Having spent the last couple of hours researching for this post, I’m left with a certain
je ne sais quoi feeling in the pit of my stomach, and I sense that were I indeed a pregnant woman weighing adoption, I might be able to take these letters only in small doses and for short stretches at a time. Most of them tell me I’m an angel, thank me for choosing life for my baby, and thank me again for considering giving this precious gift. (Not sure how I feel about baby=gift mentality). After a while, the letters begin to run together. The people in them are all fun. They’re all music lovers, sports enthusiasts, and avid campers, and they all met at college on a blind date. Dad is a high school science teacher and mom used to be a teacher but is now home full-time. They have two other children, also through adoption, named Ashley and Jacob.
Some of the intro lines grab my attention because they include pictures or catchy sayings, but I start to feel slightly annoyed if the letter’s “hook” is cheeky, sarcastic, too ooey-gooey or too cutesy.
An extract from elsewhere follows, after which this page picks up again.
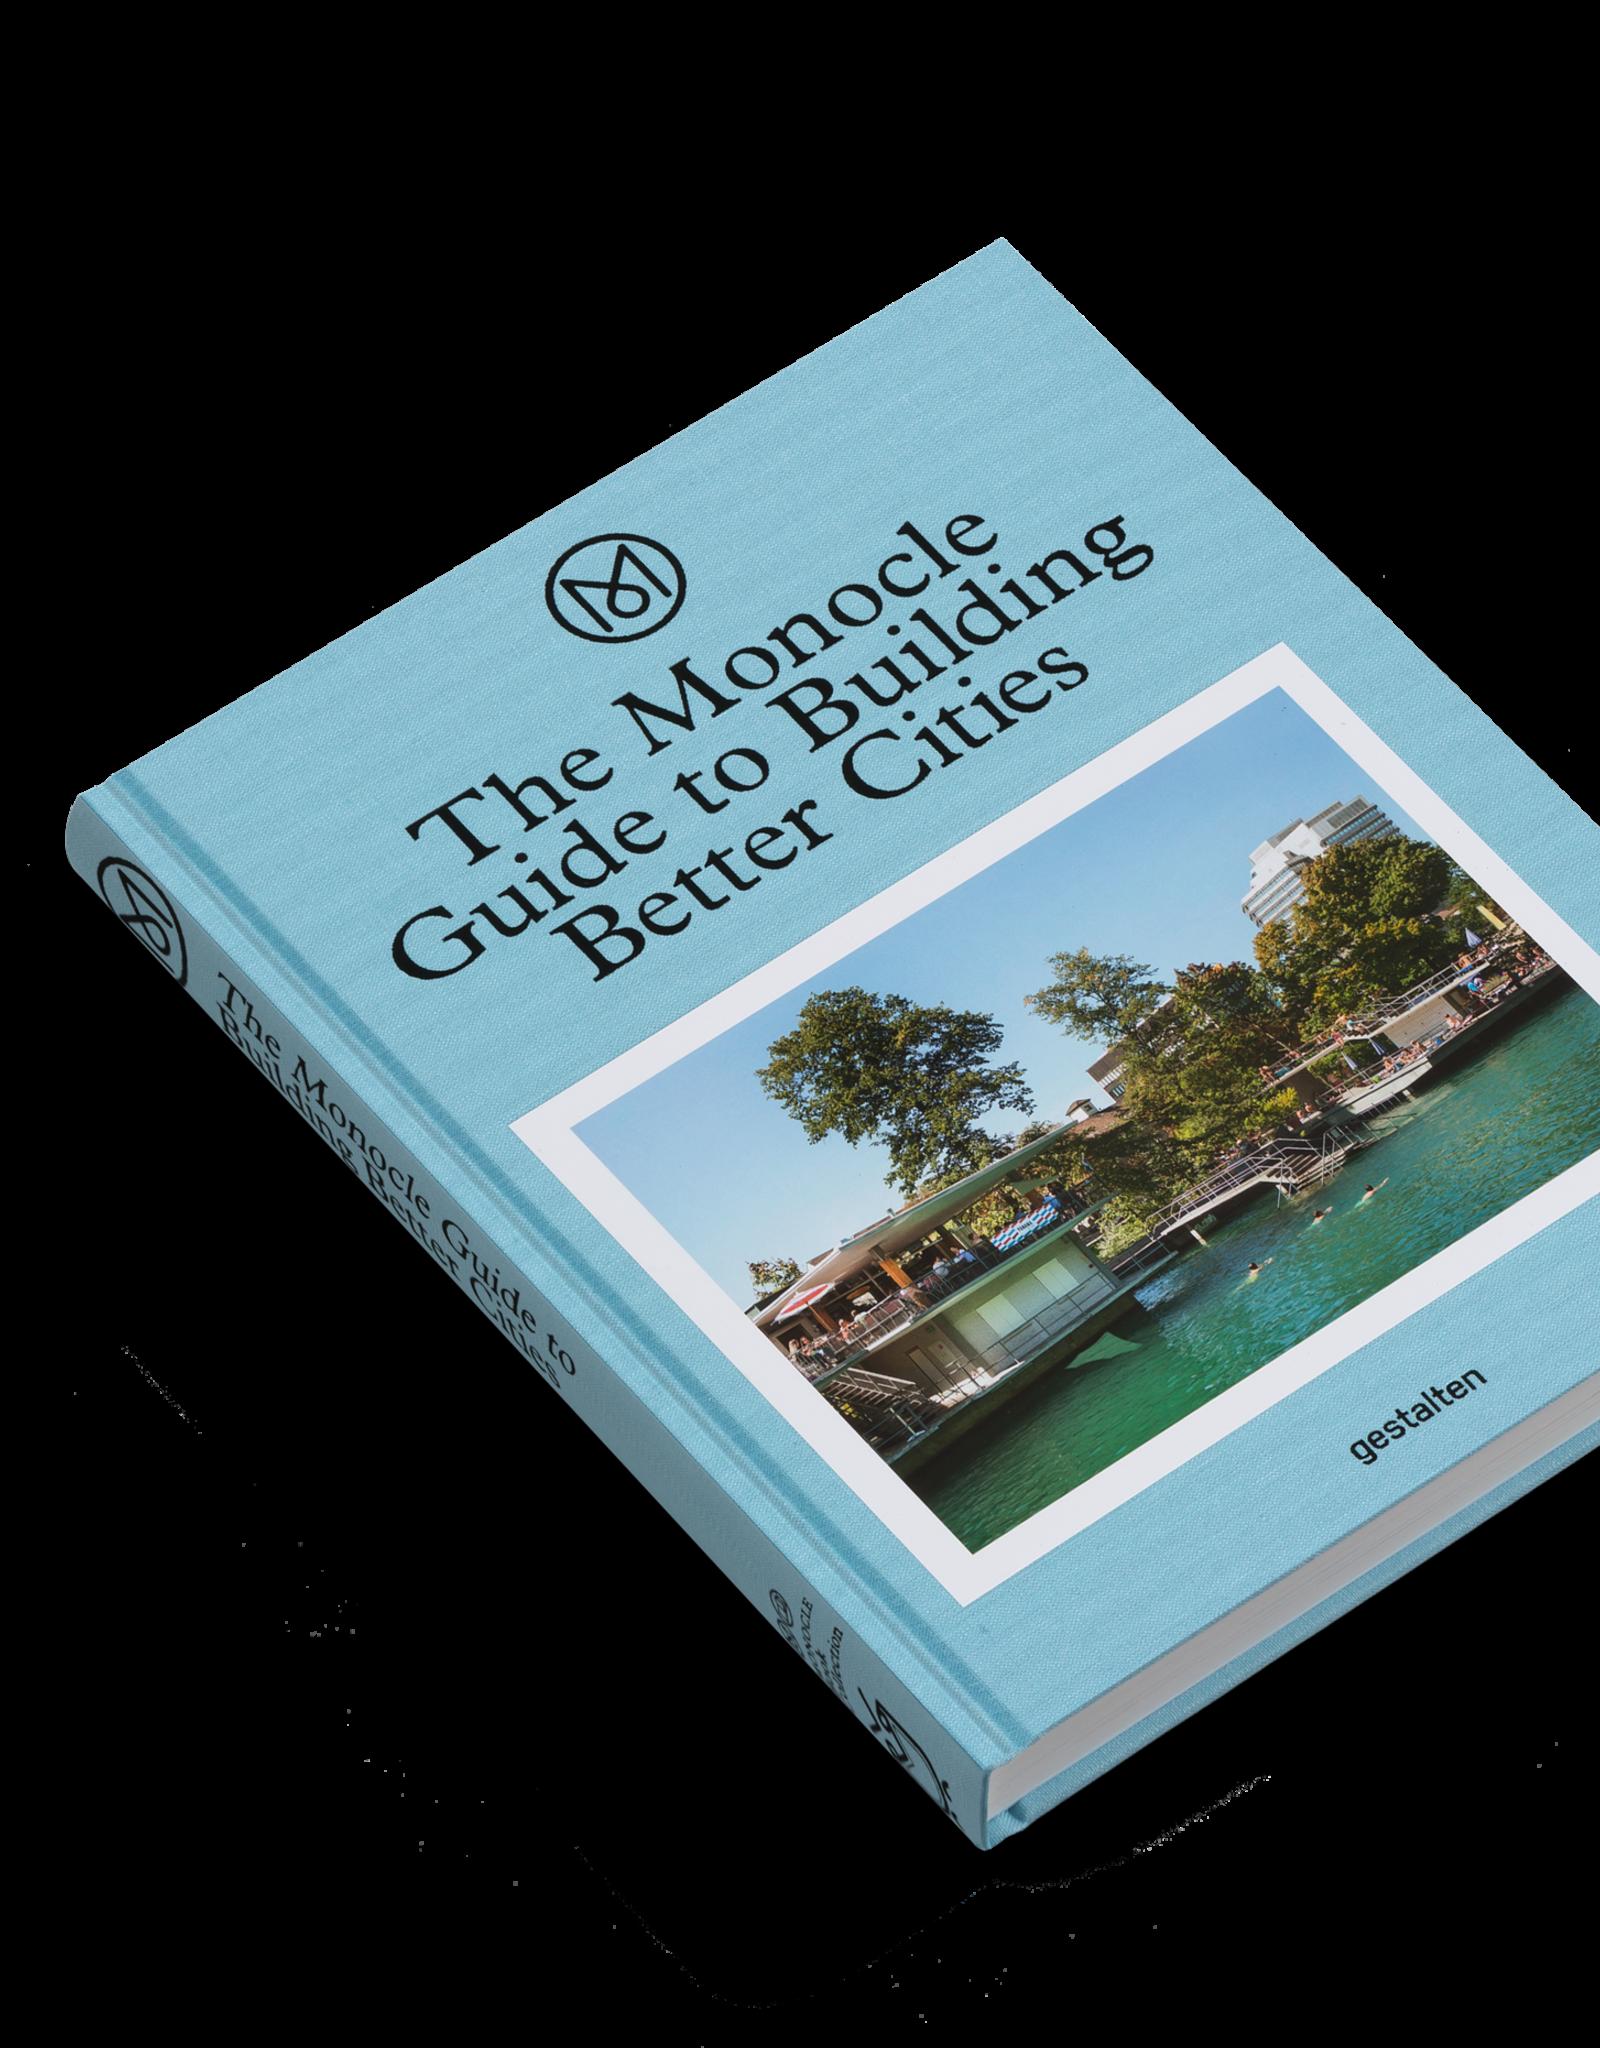 Gestalten Monocle Guide to Building Better Cities

Just recently I came across one that read: “We have season passes to Disneyland and Tivo.” I give credit for the attempt to stand out from the crowd, but this opener falls into one of the traps to be avoided – i.e., don’t assume I’m 13. And while we’re at it, don’t tell me that all you want for Christmas is my baby. Realize that’s all I want for Christmas, too. I want somehow not to be going through this and processing all of this, and thinking one day I’ve got it all figured out and then waking up the next day feeling 180 degrees different. Some days I know I will parent my baby in spite of all your letters and counsel from important people in my life. Other days I know that even though it will be hard, I will find the perfect parents. It just depends on the day.